U.S. spies that applauded the arrest of Jerry Chun Shing Lee, a former CIA officer believed to have a role in the exposure of CIA sources in China, are concerned that Lee will not face charges for his actions, the Washington Post reported. The FBI arrested Lee on Monday after he arrived at a New York airport from China, but senior officials said it was unlikely he would face charges about divulging classified information to the Chinese government. The New York Times’ Matt Apuzzo and Adam Goldman detailed the CIA’s hunt for moles in China in an extensive feature.

The Justice Department defended its use of terrorism numbers from a Department of Homeland Security report to promote stricter immigration controls, Politico reported. Ed O’Callaghan, the principal deputy assistant attorney general for national security, said the numbers’ inclusion of terrorists captured overseas and extradited to the U.S. in the same category as immigrants in the U.S. who later conducted acts of terrorism was justified because the arrests abroad ultimately prevented terrorist attacks in the U.S. Another Trump administration official said that domestic terrorism was not included in the scope of the report.

India tested its longest-range intercontinental ballistic missile as part of a project to build up its nuclear deterrent against China and Pakistan, Reuters reported. The 5,000-kilometer range Agni missile launched from an island off India’s eastern coast. New Delhi says that bordering Pakistan and China, both nuclear-armed states, pose a threat to its security.

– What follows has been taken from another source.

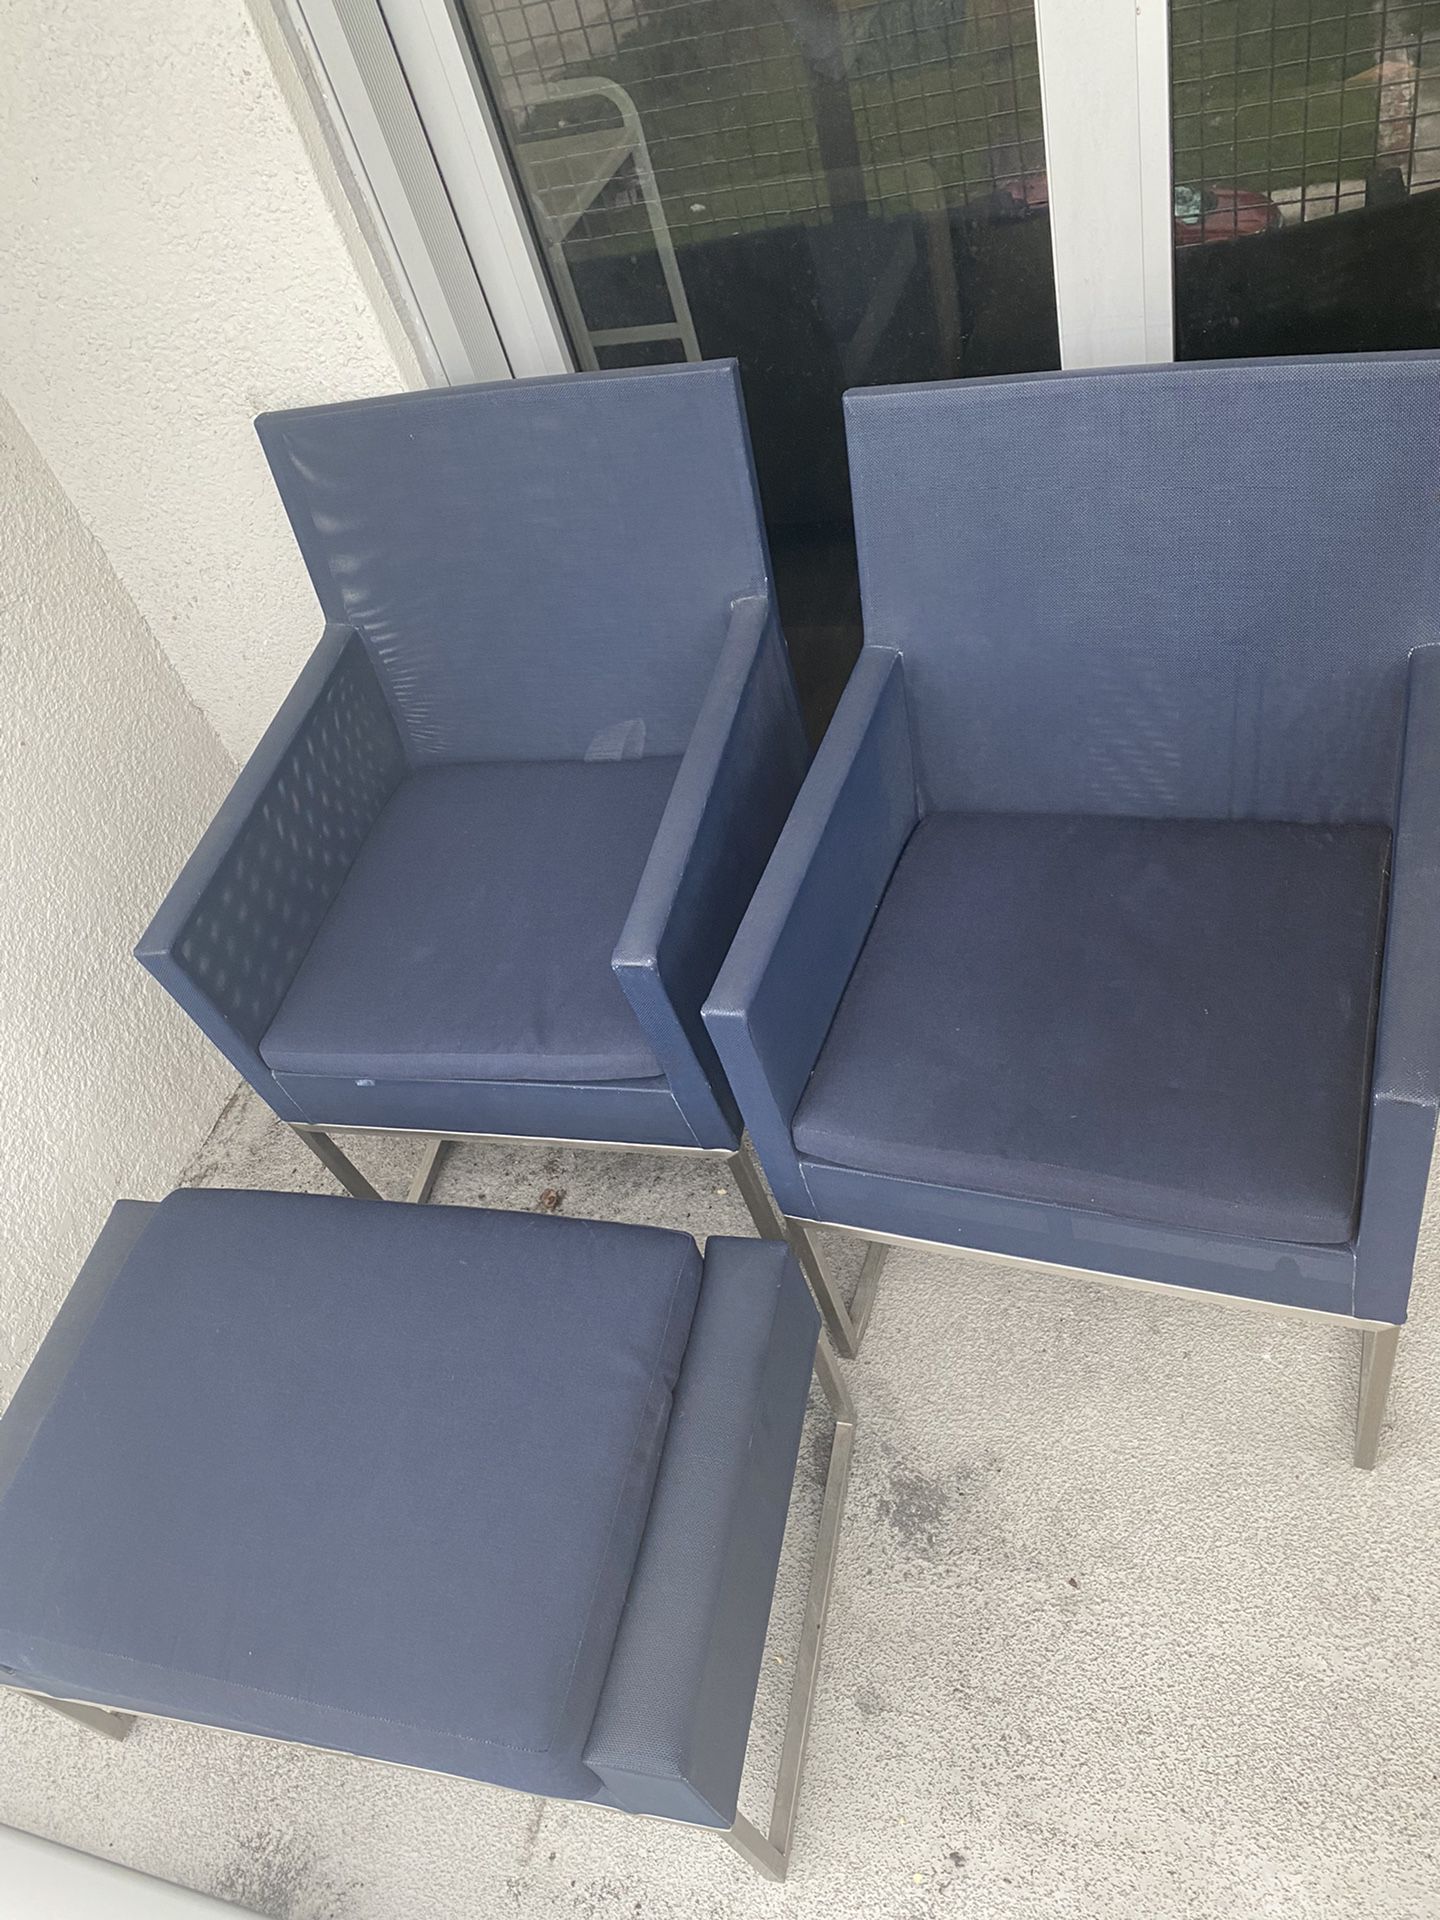 Crate & Barrel Outdoor Chairs

The House passed a bill that would restore the leading State Department cyber diplomacy office, the Hill reported. The Cyber Diplomacy Act would restore State’s office of the cyber coordinator, a post Secretary of State Tillerson said will be subsumed into State’s economic bureau in the course of its redesign. House members expressed concern that Tillerson was not prioritizing cyber diplomatic efforts. However, the bill’s path forward remains uncertain, because there is no companion legislation introduced in the Senate.

Facebook will open a broader investigation into Russia’s influence on its platform during the 2016 vote for the British exit from the European Union, the Times reported. Facebook told British lawmakers in December that it had not found any evidence of Russian efforts to affect the vote. On Wednesday, Facebook acknowledged that its initial investigation only examined accounts previously identified as linked to Russia by U.S. intelligence agencies. Facebook is now looking into other accounts as potentially linked to Russia.

ICYMI: Yesterday on Lawfare

Herb Lin and Paul Rosensweig responded to Suan Landau’s call for a new definition of cybersecurity that includes information warfare, agreeing that protecting U.S. election requires attention on both information warfare and cybersecurity concerns.

Robert Chesney discussed the merits of a new habeas petition for 11 Guantanamo Bay detainees that argues the government’s authority to detain them under the 2001 AUMF has expired.

Klon Kitchen argued that the U.S. needs to convene a new Solarium project to address cybersecurity.

Harry Graver summarized the briefs and oral arguments in Dalmazzi v. U.S.

Benjamin Wittes posted a special edition of the Lawfare Podcast, featuring an interview with Anthony Cormier on his reporting about the investigation into suspicious payments by the Russian embassy during the 2016 election.